I segnali elettrici che innescano la crescita tumorale vengono trasmessi nella fessura sinaptica tra le cellule nervose e le cellule di glioma, principalmente attraverso il rilascio del neurotrasmettitore glutammato. Il glutammato si lega ai cosiddetti recettori AMPA sulle cellule tumorali, facendo affluire ioni di calcio nelle cellule e generando una corrente elettrica. Questi recettori, se iperattivati, sono anche coinvolti nello sviluppo di crisi epilettiche. Il bloccante selettivo dei recettori AMPA perampanel è approvato per il trattamento dell'epilessia dal 2012. Potrebbe quindi interrompere anche la trasmissione dei segnali nervosi alle cellule tumorali. Per questo motivo Venkataramani e il suo team stanno rapidamente portando avanti il repurposing di questo farmaco per l'indicazione precedentemente non approvata del glioblastoma. Hanno già dimostrato la sua efficacia in studi preclinici. Attualmente è in corso uno studio clinico prospettico di Fase II.
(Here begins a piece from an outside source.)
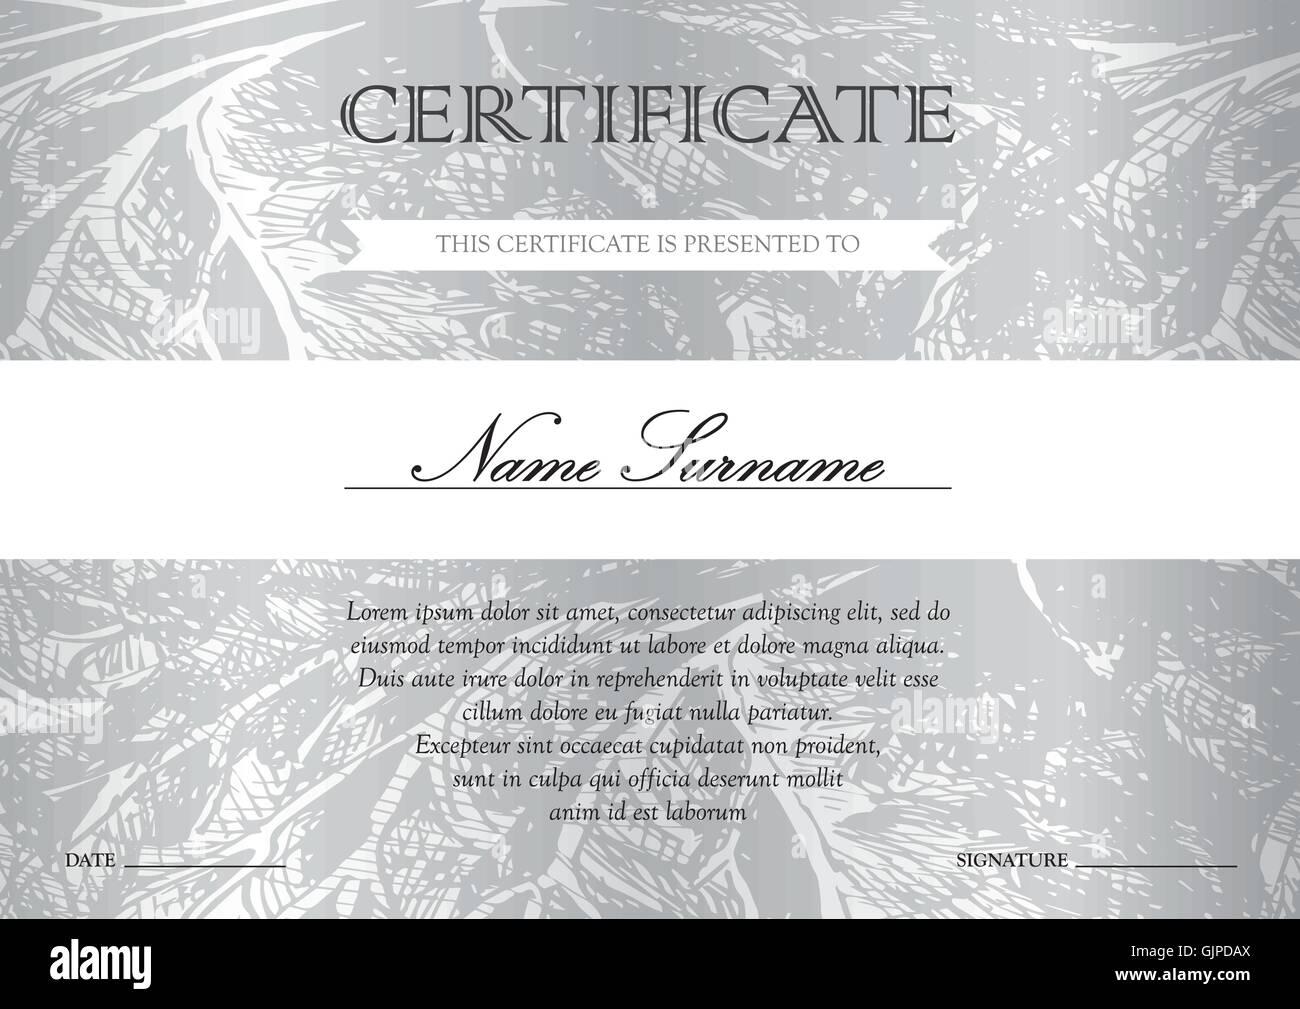 Berühmt Gewinner Zertifikate Ideen - Bilder für das Lebenslauf ...

Lo studio sul perampanel segna solo l'inizio di quello che Venkataramani considera il potenziale sviluppo di terapie efficaci per il glioma. Di recente, il suo gruppo di ricerca - dove tecnologia e sviluppo di terapie vanno di pari passo - ha fornito una prova di concetto per un approccio di terapia genica che un giorno potrebbe essere utilizzato nella diagnosi e nel trattamento dei gliomi. In questa procedura, solo le cellule nervose collegate alle cellule tumorali attraverso le sinapsi vengono etichettate selettivamente con dei coloranti. Queste cellule nervose vengono quindi preparate per la morte cellulare programmata (apoptosi). Una volta sottoposte ad apoptosi, le cellule tumorali perdono il collegamento che era essenziale per la loro crescita. In altre parole, vengono scollegate dalla rete elettrica del sistema nervoso.
Il campo delle neuroscienze del cancro non esisteva prima della scoperta di Venkatarami. Egli l'ha co-fondato e sta svolgendo un ruolo chiave nel suo sviluppo. Il suo compito principale è quello di decodificare il "connettoma tumorale" del cervello con una precisione sempre maggiore. Con la continua espansione del campo delle neuroscienze oncologiche, sta diventando sempre più chiaro che le interazioni tra il sistema nervoso e le cellule tumorali promuovono la crescita del tumore anche in altri organi.
Varun Venkataramani, MD, PhD, ha studiato medicina umana all'Università di Heidelberg dal 2009 al 2016. Qui è stato selezionato per il programma di dottorato strutturato, che consente a studenti di medicina particolarmente dotati di conseguire un doppio dottorato. Nel 2019 ha conseguito il titolo di Dr.med. e un anno dopo il Dr. rer. nat. Dal 2022 dirige un gruppo di ricerca di 15 membri presso la Clinica Neurologica dell'Ospedale Universitario di Heidelberg, dove lavora anche come neurologo.
Il premio sarà consegnato - insieme al premio principale del 2026 - il 14 marzo 2026, alle ore 17.00, dal presidente del Consiglio scientifico della Fondazione Paul Ehrlich nella Paulskirche di Francoforte.